The must-read stories and debate in health policy and leadership.
- Today’s thoughts on partnerships: Will provider collaboratives crowd out community and specialist care?
- Today’s worrying consequence of covid: Trust ‘poor and diminishing’ in hardest hit communities
Speak with most accident and emergency clinicians about mental health patients attending emergency departments and they’ll likely tell you these patients suffer the longest waits.
Unfortunately waits for these patients are not captured within national data sets and so there is no way to know what the scale of the situation is.
However, new data collected by NHS organisations for London would suggest the picture is rather grim. According to reports obtained by HSJ, between July and the end of September there were more than 400 12-hour breaches for mental health patients across London’s EDs.
This is relatively new data, HSJ understands, and so there is little to compare it to 2019. However, a trawl through recent acute trust board papers would suggest A&E waits for mental health patients are becoming a concern again.
It’s important to note this and national data on all 12-hour waits almost certainly underestimates the picture. This is because waits are a measure from the time a decision to admit is made, which can take more than 12 hours, rather than total time in A&E.
For mental health patients the decision to admit can be a particularly “grey” area. New clinical standards trials are piloting a new measure, which will start the clock from when a person arrives at A&E, which should address the issue.
Although they are an A&E target, 12-hour waits are often a signal of wider bed pressures. This data obtained from London would suggest the mental health sector is suffering with bed capacity at the moment.
According to the Royal College of Psychiatrists the biggest thing that would be done to help with this would be to allow mental health trusts access to the national winter discharge programme.
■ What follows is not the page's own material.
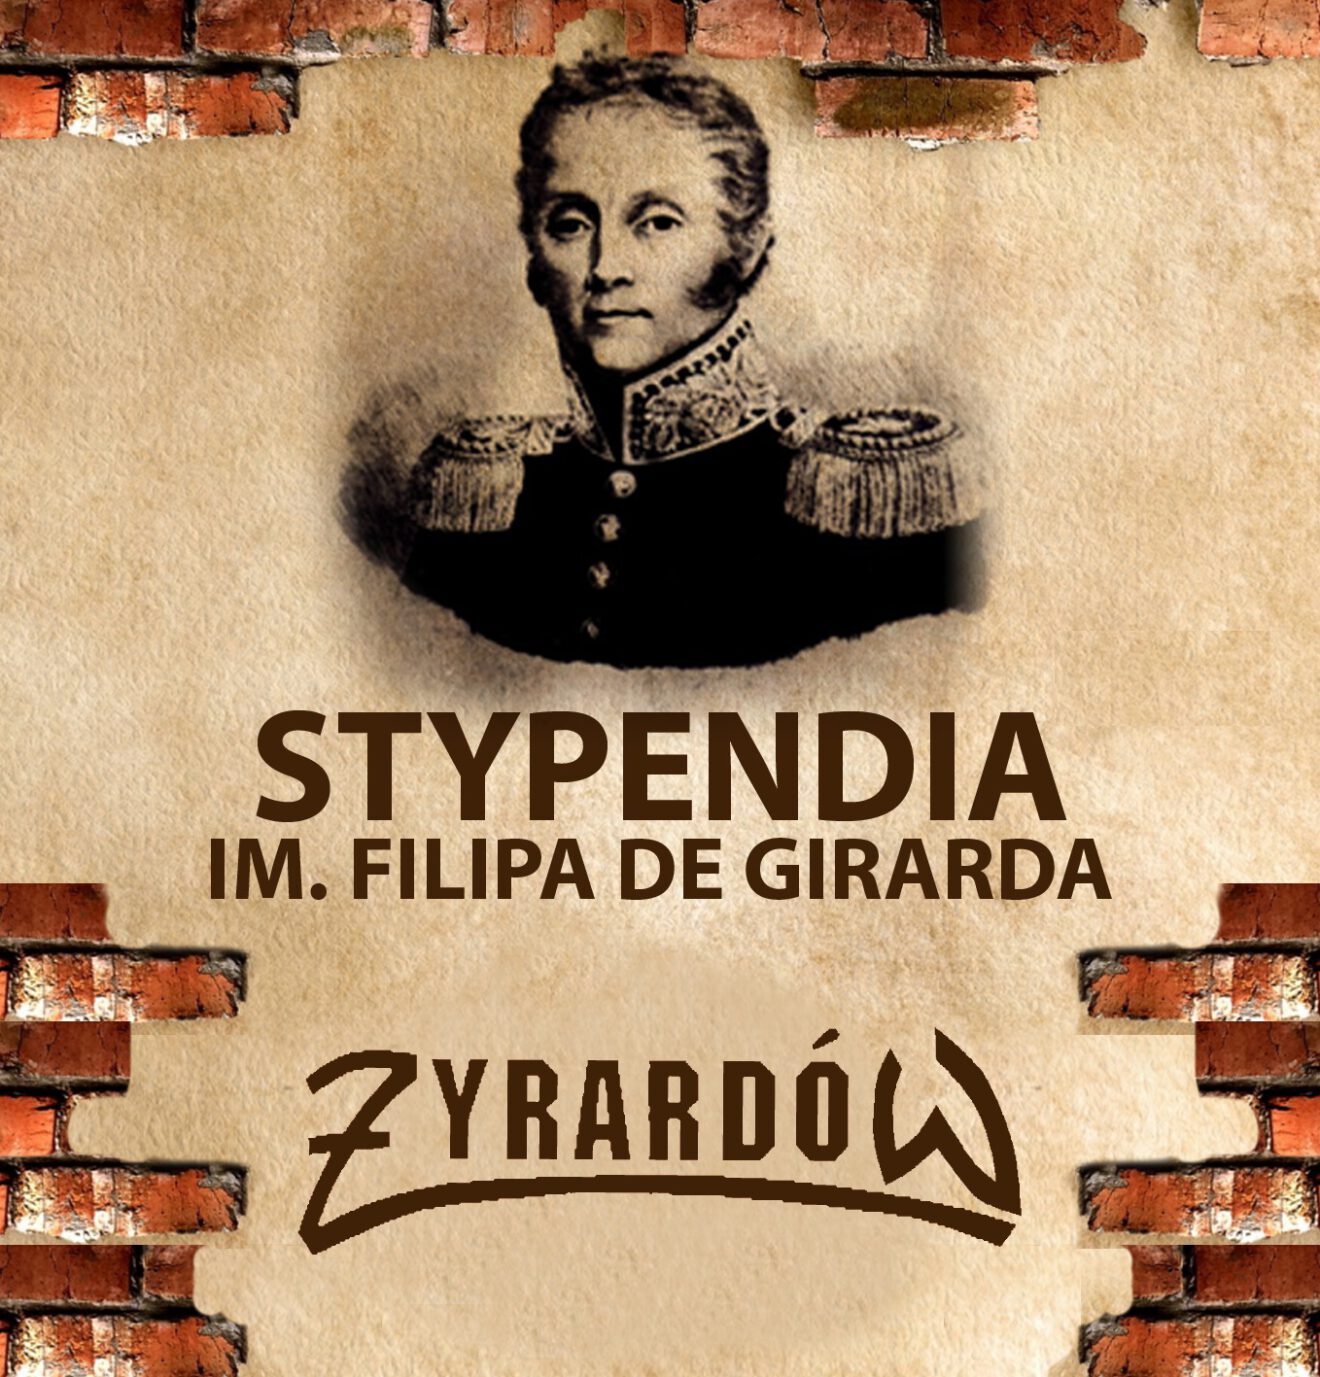 Stypendia de Girarda.jpg

Readers may remember the sector was explicitly excluded from the recent £558m discharge funding, despite delayed discharges being a key pressure not only on mental health emergency care but also wider acute systems.
A very striking trend has emerged in the weekly mortality data published by the Office for National Statistics, in which the South East region seems to have had significantly higher numbers of excess deaths than other parts of the country.
Analysis of official data by HSJ shows the region, which excludes London, had almost 900 excess deaths in the 10 weeks to 2 October (around 10 per 100,000 population), which accounted for almost three-quarters of the national total in that period.
Excess deaths means the number taking place above the seasonal average of previous years.
Deaths in people’s homes — as opposed to in hospitals or care homes, for example — more than accounted for the total excess. Meanwhile, only 132 of the region’s deaths in this period mentioned covid-19 on the death certificate.
What’s not immediately clear is what’s causing the South East to be such a significant outlier, but possible explanations for excess mortality during the pandemic have included disruptions to normal health services, as well as anxiety among patients about attending hospital or GP surgeries.